Man: Labor pain good for women

Midwifery professor Denis Walsh argues that labor pain is good for women:

In an article for Evidence Based Midwifery, published by the Royal College of Midwives, Dr Walsh said the NHS was too quick to give in to requests for pain-killing injections.

He said: ‘A large number of women want to avoid pain, but more should be prepared to withstand it. Pain in labour is a purposeful, useful thing which has a number of benefits, such as preparing a mother for the responsibility of nurturing a newborn baby.’ [...]

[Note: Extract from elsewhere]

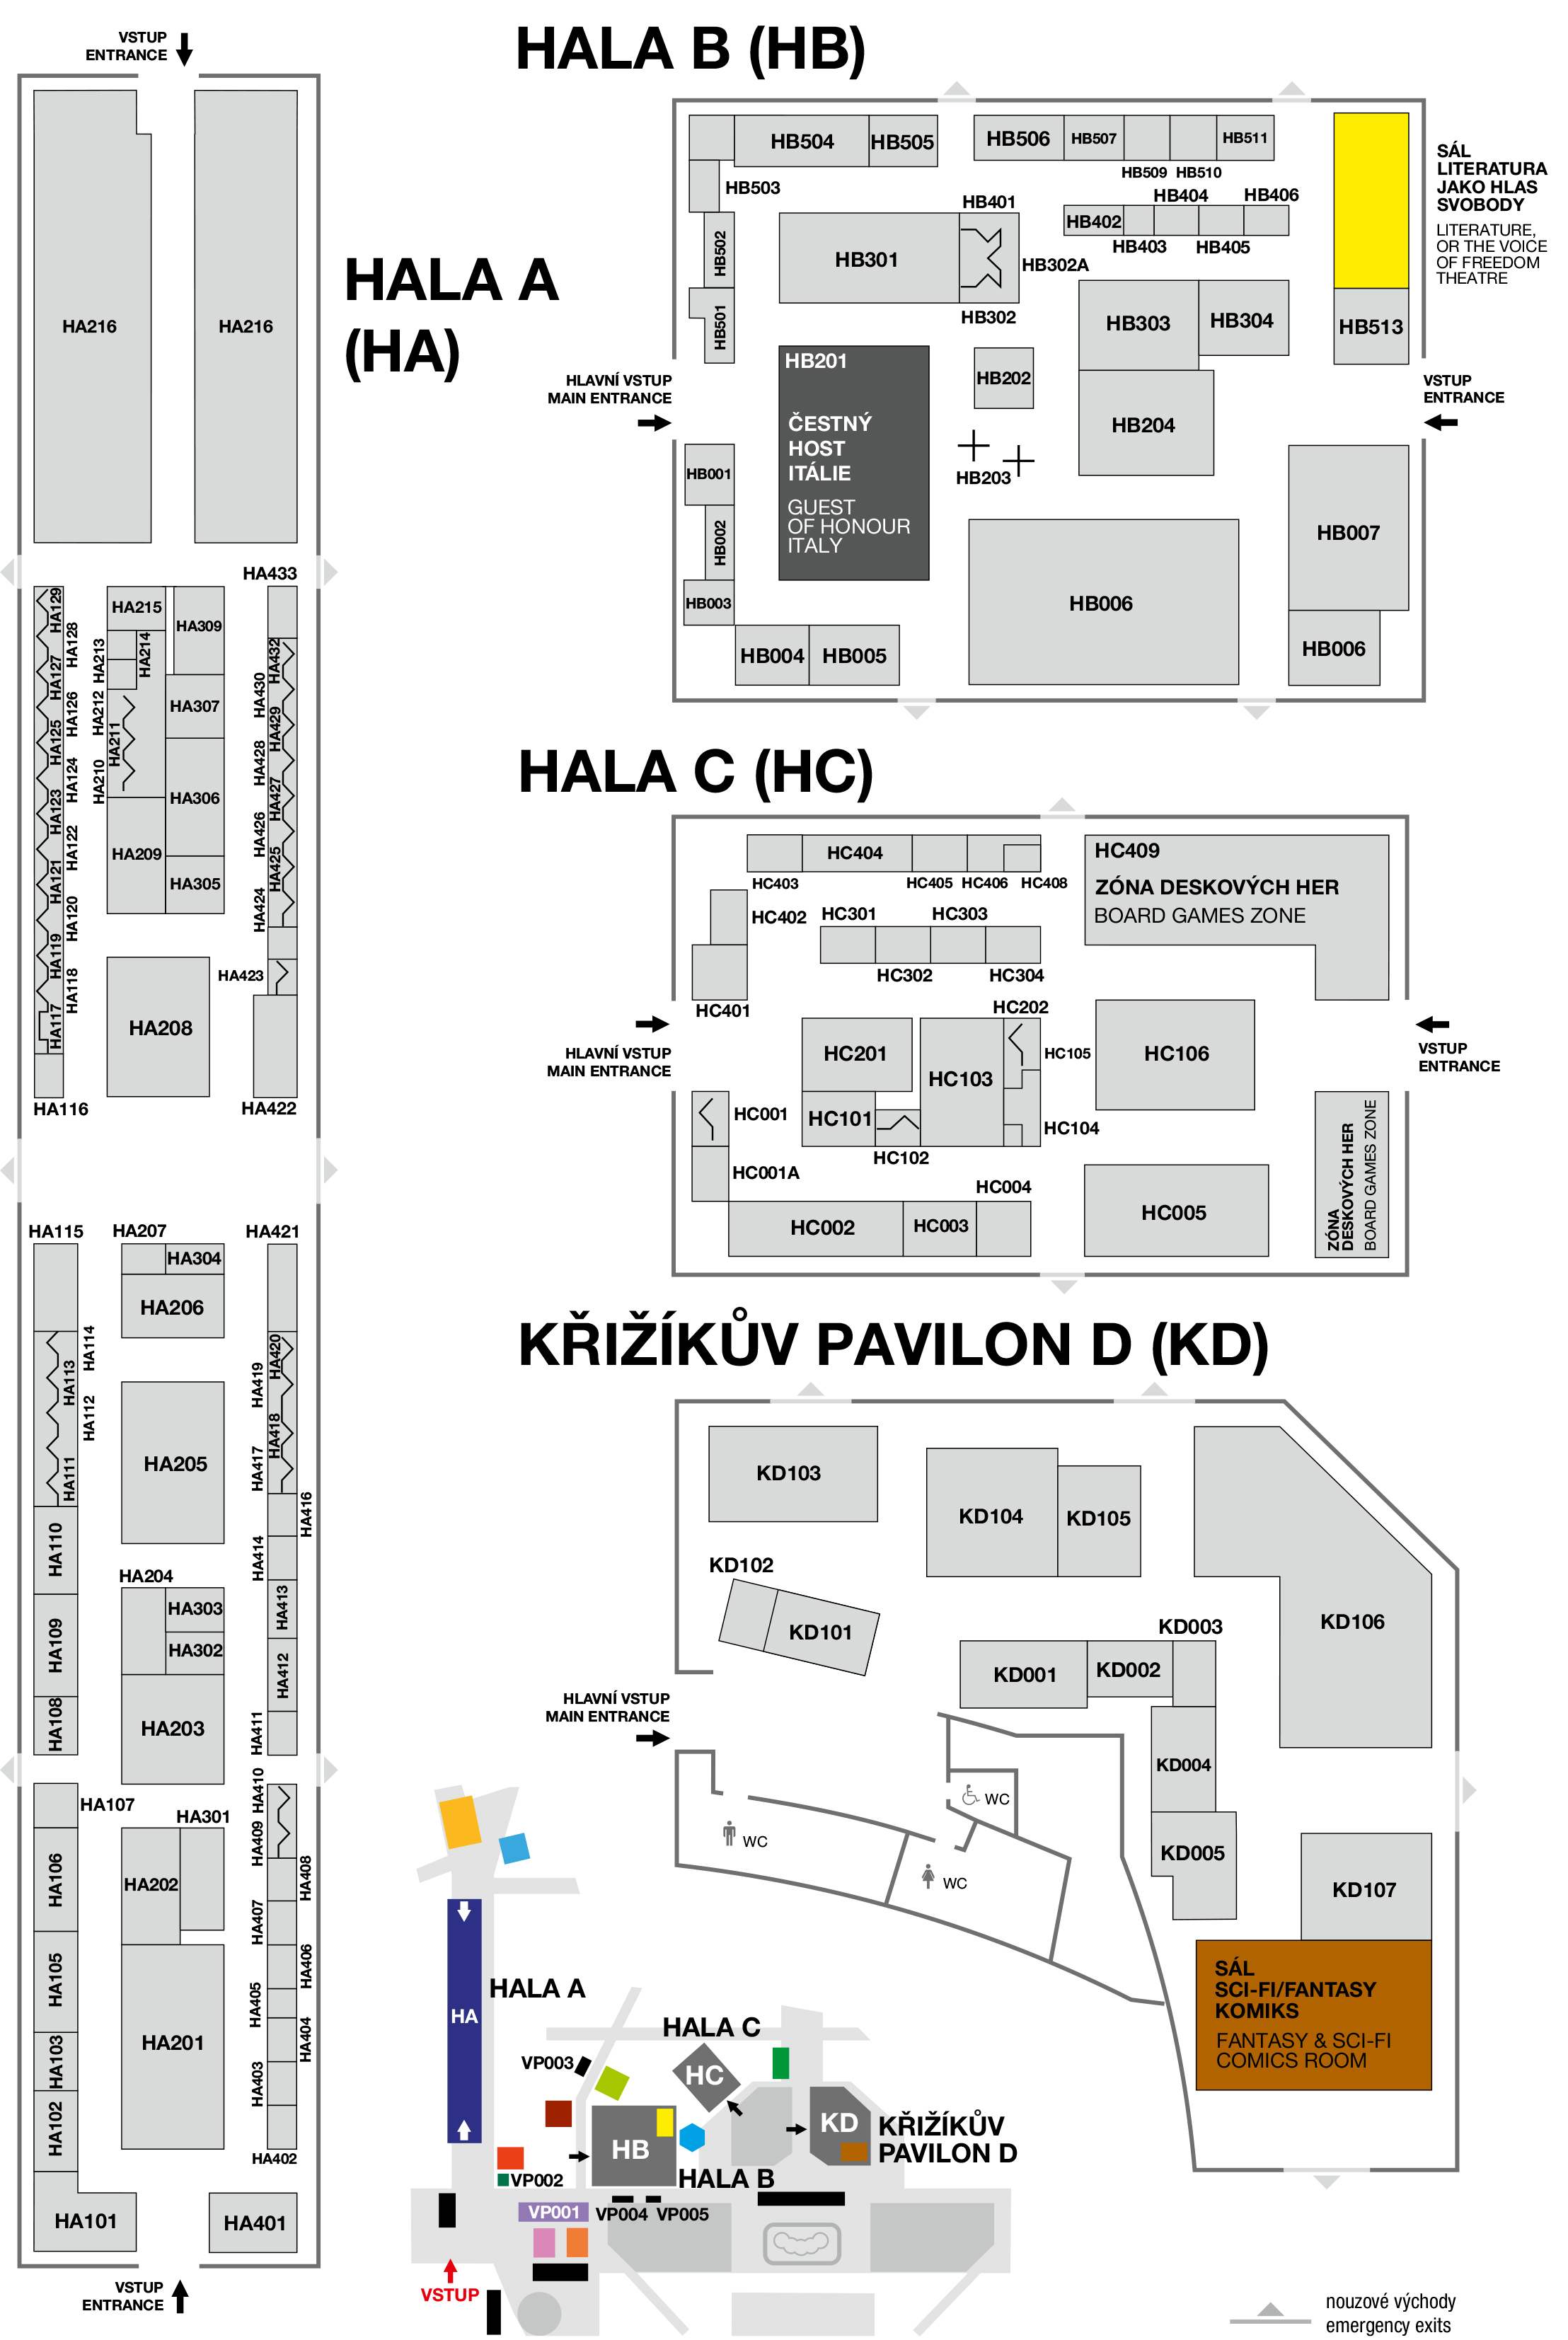 Layout of the Exhibition Stands

He said labour pain was a timeless component of motherhood, but warned: ‘There has been a loss of rites-of-passage meaning to childbirth, so pain and stress are viewed negatively.’ [Daily Mail--where else?)]

The guilt trip is part of Prof. Walsh's larger crusade against epidural anesthesia for laboring women in the National Health Service.

It's one thing to argue that the risks of a particular pain-relief strategy outweigh the benefits, or to point out that some technique is often used on people who don't need it. Those are empirical questions.

It's another thing entirely to assert that women ought to endure pain for their own good. That's a dubious value judgement based on an unsupported claim about the benefits of pain.

Does Walsh have studies supporting a link between labor pain and maternal responsibility? Or is that just his pet theory that he feels entitled to dispense as if it were a medical fact? If pain builds character, does he advocate torturing new dads to harden them up?

Even if it's true that labor pain confers some marginal psychological benefit, a responsible clinician would lay out the potential costs and benefits and let the patient decide. Of course, the principle applies for pain relief options. Every option from drug-free birth to general anesthesia has its own costs and benefits. It's pretty rare that any one strategy is medically necessary, so the decision should be left to the woman.

Dr. Amy Tuteur, The Skeptical OB, has a great post about the sexist roots of the anti-anesthesia evangelism. She argues that Walsh is carrying on a long and ignoble tradition of romanticizing labor pain and dismissing women's suffering.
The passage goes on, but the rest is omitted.